_Recorded data_:
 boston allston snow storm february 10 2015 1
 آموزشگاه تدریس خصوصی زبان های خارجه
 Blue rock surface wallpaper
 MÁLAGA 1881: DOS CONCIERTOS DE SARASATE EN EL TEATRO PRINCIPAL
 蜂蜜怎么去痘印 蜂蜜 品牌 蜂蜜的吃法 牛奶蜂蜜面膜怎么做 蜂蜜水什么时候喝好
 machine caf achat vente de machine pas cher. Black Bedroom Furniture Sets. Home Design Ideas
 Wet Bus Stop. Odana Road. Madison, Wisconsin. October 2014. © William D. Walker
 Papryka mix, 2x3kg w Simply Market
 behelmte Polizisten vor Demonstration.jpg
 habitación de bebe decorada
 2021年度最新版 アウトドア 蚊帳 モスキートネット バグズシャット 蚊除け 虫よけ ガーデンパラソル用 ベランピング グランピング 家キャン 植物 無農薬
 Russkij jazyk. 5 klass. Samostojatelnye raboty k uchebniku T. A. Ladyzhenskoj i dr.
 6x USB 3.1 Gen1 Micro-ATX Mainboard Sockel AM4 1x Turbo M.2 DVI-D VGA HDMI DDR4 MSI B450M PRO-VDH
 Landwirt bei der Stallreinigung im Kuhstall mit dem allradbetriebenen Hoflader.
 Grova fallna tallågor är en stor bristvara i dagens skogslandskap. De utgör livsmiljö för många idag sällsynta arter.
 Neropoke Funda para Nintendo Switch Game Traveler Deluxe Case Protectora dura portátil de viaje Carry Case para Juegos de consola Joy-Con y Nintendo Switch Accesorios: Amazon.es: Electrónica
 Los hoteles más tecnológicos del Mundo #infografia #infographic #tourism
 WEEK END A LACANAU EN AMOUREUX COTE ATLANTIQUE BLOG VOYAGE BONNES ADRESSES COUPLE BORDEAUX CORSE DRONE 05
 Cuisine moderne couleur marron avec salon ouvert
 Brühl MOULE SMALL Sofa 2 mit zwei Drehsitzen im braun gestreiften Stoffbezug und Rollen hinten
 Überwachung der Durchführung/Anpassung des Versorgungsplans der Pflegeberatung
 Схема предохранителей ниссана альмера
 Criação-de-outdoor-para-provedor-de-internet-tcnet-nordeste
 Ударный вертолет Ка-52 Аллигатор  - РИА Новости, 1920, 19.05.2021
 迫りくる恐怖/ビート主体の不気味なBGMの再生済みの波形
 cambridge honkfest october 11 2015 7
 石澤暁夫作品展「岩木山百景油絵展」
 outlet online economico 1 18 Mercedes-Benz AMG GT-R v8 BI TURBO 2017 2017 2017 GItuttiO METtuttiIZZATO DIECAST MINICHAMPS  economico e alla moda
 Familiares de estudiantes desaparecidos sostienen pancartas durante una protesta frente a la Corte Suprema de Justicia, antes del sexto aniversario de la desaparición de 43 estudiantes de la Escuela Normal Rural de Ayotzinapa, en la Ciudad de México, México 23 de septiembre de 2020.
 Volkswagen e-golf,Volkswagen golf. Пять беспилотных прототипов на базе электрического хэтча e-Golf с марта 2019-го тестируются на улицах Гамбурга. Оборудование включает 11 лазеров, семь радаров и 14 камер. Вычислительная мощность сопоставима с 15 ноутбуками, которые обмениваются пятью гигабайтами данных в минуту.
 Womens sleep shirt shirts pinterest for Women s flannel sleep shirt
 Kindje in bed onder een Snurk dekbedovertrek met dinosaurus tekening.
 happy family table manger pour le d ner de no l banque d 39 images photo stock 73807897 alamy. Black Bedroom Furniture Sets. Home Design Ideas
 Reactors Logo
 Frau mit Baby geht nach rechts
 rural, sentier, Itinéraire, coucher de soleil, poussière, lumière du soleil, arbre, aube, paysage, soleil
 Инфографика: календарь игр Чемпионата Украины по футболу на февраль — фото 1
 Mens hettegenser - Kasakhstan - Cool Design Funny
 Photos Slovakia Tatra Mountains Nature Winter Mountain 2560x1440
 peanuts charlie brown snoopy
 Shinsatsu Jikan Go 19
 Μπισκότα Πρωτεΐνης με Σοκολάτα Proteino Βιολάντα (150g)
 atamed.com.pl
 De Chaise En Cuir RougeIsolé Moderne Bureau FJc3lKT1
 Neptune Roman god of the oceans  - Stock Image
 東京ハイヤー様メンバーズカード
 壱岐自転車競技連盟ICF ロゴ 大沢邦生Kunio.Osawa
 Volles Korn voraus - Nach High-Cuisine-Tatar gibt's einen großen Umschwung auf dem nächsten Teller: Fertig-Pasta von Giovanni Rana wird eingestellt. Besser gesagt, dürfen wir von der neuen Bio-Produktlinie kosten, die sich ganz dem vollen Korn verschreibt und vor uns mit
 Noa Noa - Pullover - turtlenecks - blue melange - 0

_Task statement_: Above are the records; repeat exactly the lines from the one holding "Russkij jazyk. 5" down to the one holding "Grova fallna tallågor", end lines included.

_Written response_:
 Russkij jazyk. 5 klass. Samostojatelnye raboty k uchebniku T. A. Ladyzhenskoj i dr.
 6x USB 3.1 Gen1 Micro-ATX Mainboard Sockel AM4 1x Turbo M.2 DVI-D VGA HDMI DDR4 MSI B450M PRO-VDH
 Landwirt bei der Stallreinigung im Kuhstall mit dem allradbetriebenen Hoflader.
 Grova fallna tallågor är en stor bristvara i dagens skogslandskap. De utgör livsmiljö för många idag sällsynta arter.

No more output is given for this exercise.